Jesus deu alguns conselhos práticos:

“Portanto, se você estiver apresentando sua oferta diante do altar e ali se lembrar de que seu irmão tem algo contra você, deixe sua oferta ali, diante do altar, e vá primeiro reconciliar-se com seu irmão; depois volte e apresente sua oferta.” Mateus 5:23-24

“Se o seu irmão pecar contra você, vá e, a sós com ele, mostre-lhe o erro. Se ele o ouvir, você ganhou seu irmão.
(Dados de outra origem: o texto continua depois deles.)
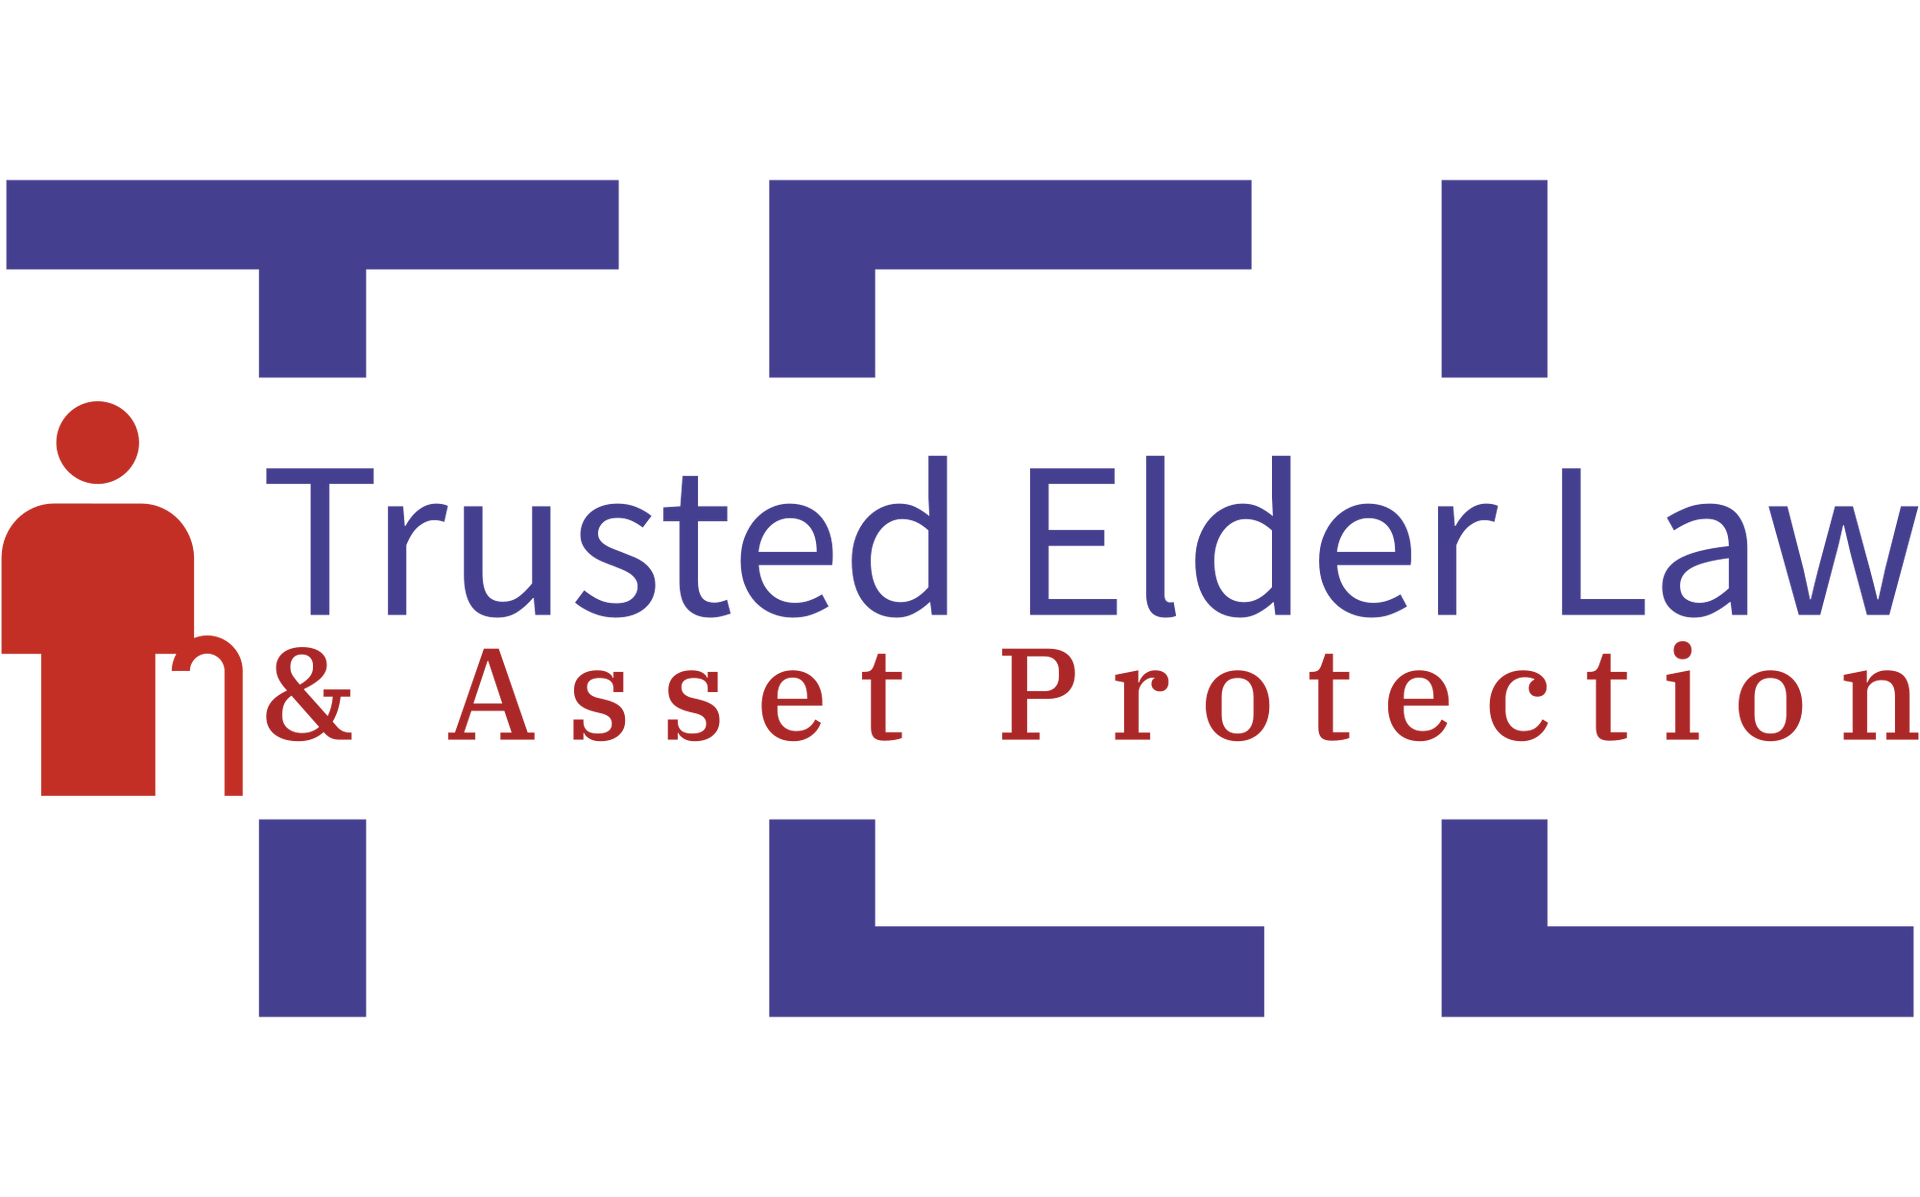 Pensacola Florida Elder Law Firm Trusted Elder Law & Asset Protection Medicaid planning estate planning probate trust administration Estate Planning | Medicaid Planning | Elder Law | Probate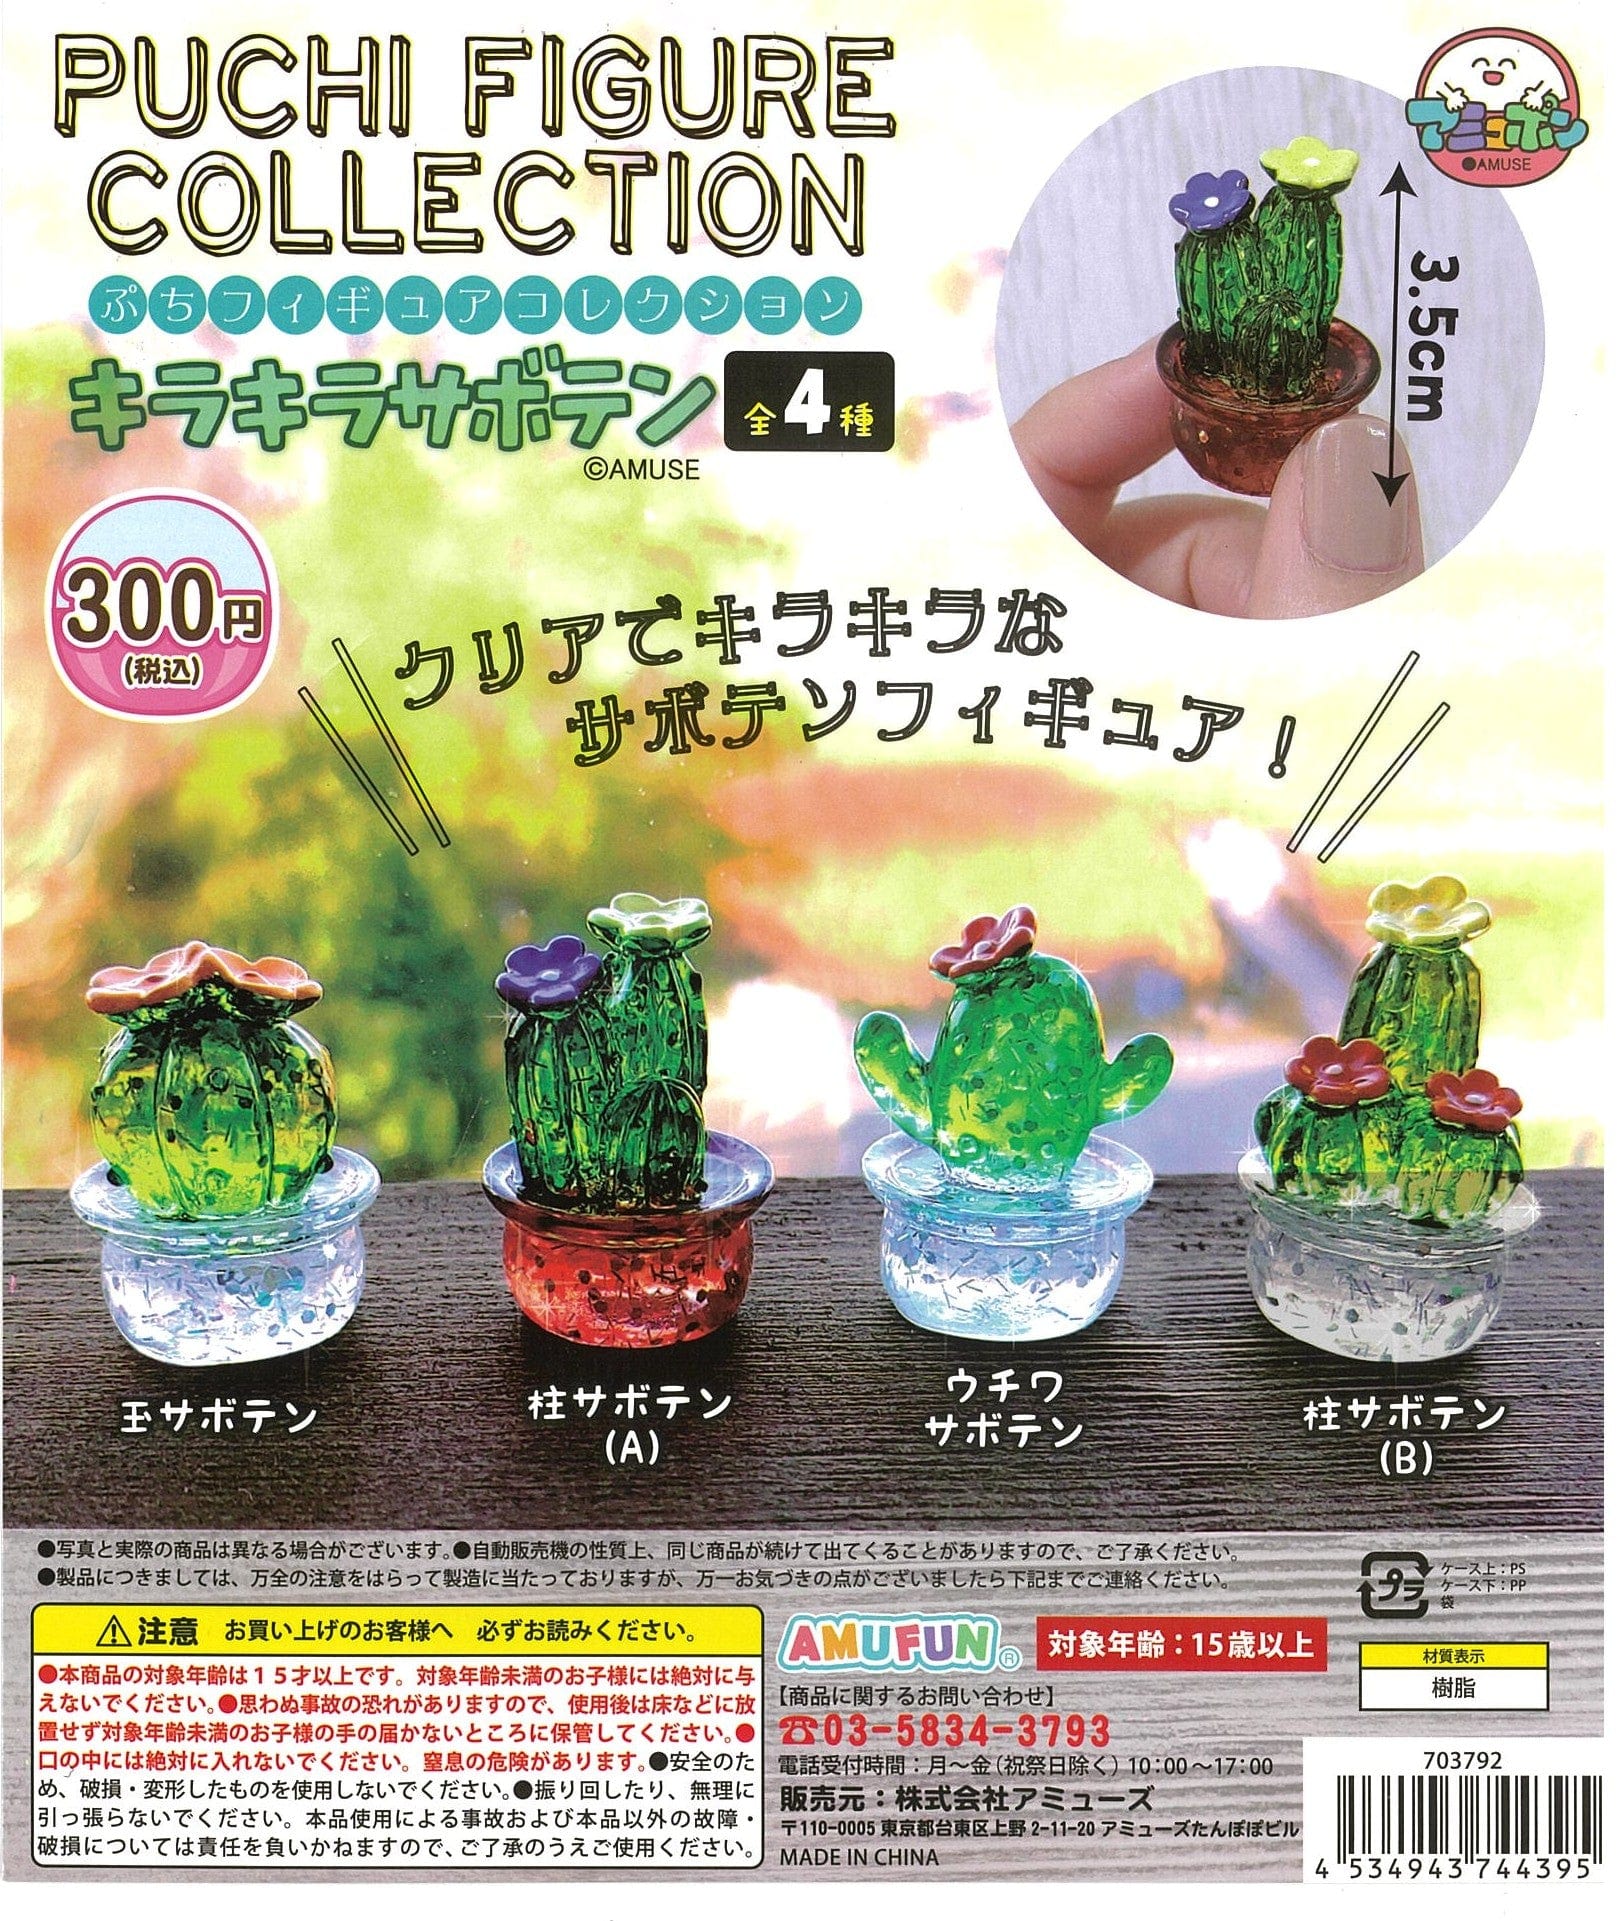 AMUFUN CP2430 Petit Figure Collection Kirakira Cactus

Mas se ele não o ouvir, leve consigo mais um ou dois outros, de modo que ‘qualquer acusação seja confirmada pelo depoimento de duas ou três testemunhas’. Se ele se recusar a ouvi-los, conte à igreja; e se ele se recusar a ouvir também a igreja, trate-o como pagão ou publicano.” Mateus 18:15-17

É simples assim. Foi Jesus quem ensinou. Diferente desta prática, é obra do maligno.

“Não permitas que teu ressentimento redunde em maldade. Não consintas que a ferida supure abrindo-se em termos impertinentes, que venham a deixar uma nódoa no espírito dos que te ouvem. Não admitas que persistam no teu espírito e no seu, pensamentos amargos. Vai ter com teu irmão e em humildade e sinceridade resolve com ele o problema.” Obreiros Evangélicos, pág. 499 – Lição E. S. 3° Trim. 2013, pág. 85 – Lição de Aluno, pág. ???? – Lição de Professor

“É verdade que há uma indignação justificável, mesmo nos seguidores de Cristo. Quando vêem que Deus é desonrado, e Seu serviço exposto ao descrédito; quando vêem o inocente opresso, uma justa indignação agita a alma. Tal ira, nascida da sensibilidade moral, não é pecado. Mas os que, a qualquer suposta provocação, se sentem em liberdade de condescender com a zanga ou o ressentimento, estão abrindo o coração a Satanás. Amargura e animosidade devem ser banidas da alma, se queremos estar em harmonia com o Céu.” O Desejado de todas as Nações, pág. 310

Convidamos ao irmão que reveja sua vida. A harmonia com o caráter de Cristo deve ser nosso propósito de vida e nEle não havia nada que o fizesse promover dissensões ou atritos. Jesus é nosso padrão de vida, nosso exemplo perfeito e devemos focar nEle nosso crescimento para a santificação. Busquemos o verdadeiro reavivamento. 

“Os grandes reavivamentos espirituais  do passado promoveram a cura nos relacionamentos. O Espírito Santo aproxima as pessoas de Deus e umas das outras. Quebram barreiras em nosso relacionamento com Deus e com nossos semelhantes. Em resumo, a maior demonstração do poder do evangelho não é necessariamente o que a igreja diz, mas como ela vive. “Nisto conhecerão todos que sois Meus discípulos: se tiverdes amor uns aos outros” (Jo 13:35). Sem esse amor, toda a nossa conversa sobre reavivamento e reforma não significará nada.” Lição E. S. 3° Trim. 2013, pág. 80 – Lição de Aluno, pág. ???? – Lição de Professor

Ajude-nos Senhor a responder à sua vontade. Que seja louvado o Seu Nome em nosso viver diário.